Scent is a big thing for me, so I was thrilled when I was invited to take a smell walk in Boston. That walk focused on scent was one of the coolest things that I’ve done as a blogger.

The Boston candle is described as “Fall days spent wandering the cobblestone streets. Notes of spiced tea with clove and orange capture the City on a Hill.”

There are a few more city candles and state candles too. I think these would make a great gift. To wind up this roundup, here are the descriptions of the scents for each of the New England states.
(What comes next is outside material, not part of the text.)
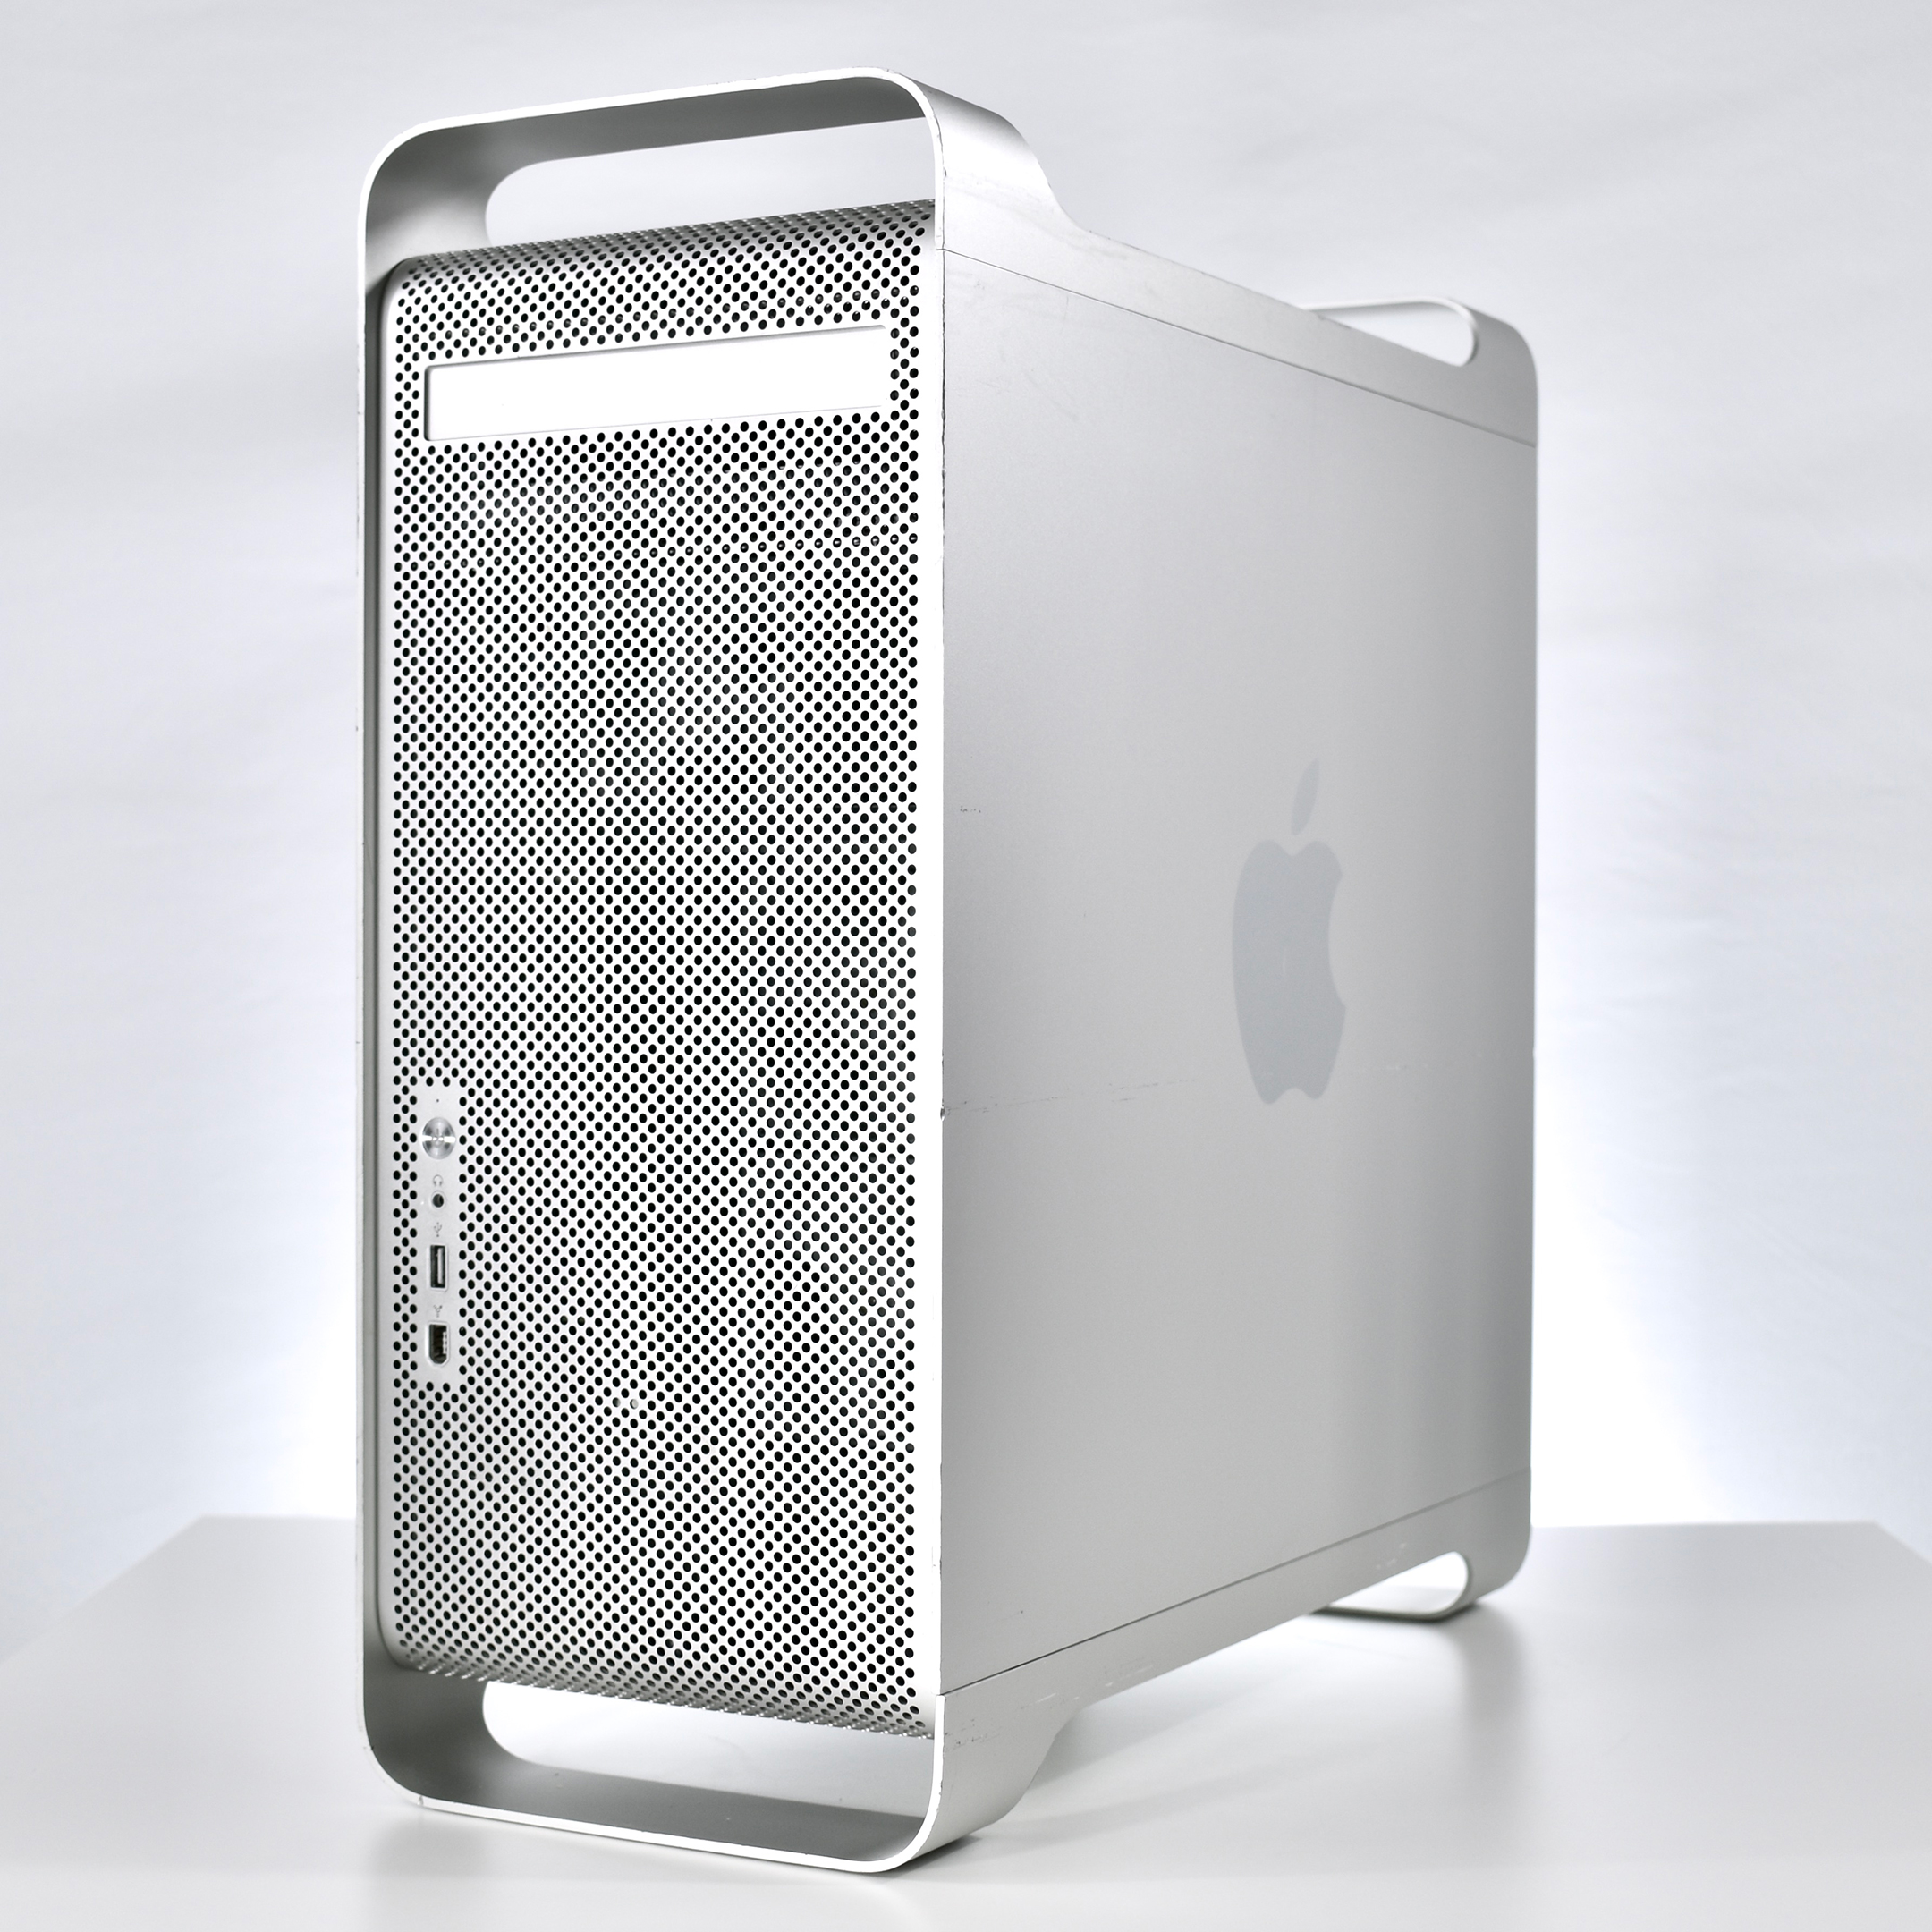 apple mac g5 hard drive

Connecticut: “Warm-baked pies fragrant of nutmeg, clove and lemon. Eucalyptus and oakmoss evoke memories of brisk fall afternoons spent outside.”

Maine: “Reminiscent of wild Maine blueberries and lavender fields. Woody notes of cedarwood and patchouli balanced with a floral bouquet.”

Massachusetts: “Apple cider, simmering coffee, and just-baked donuts. Sweet hints of tonka bean are balanced by spicy cinnamon and a touch of fragrant clove.”

New Hampshire: “Cozy up with a cup of hot apple cider. Autumn days spent outside with views of foliage and the sweet smell of vanilla in the air.”

Rhode Island: “An afternoon on the Cliff Walk with hot apple cider and cozy sweaters to keep warm. The rolling tides carry the sweet and spicy scents of fall.”

Vermont: “Vibrant foliage covers the rolling hills of the Green Mountain State. Scents of cinnamon and apple pie blend with decadent maple syrup.”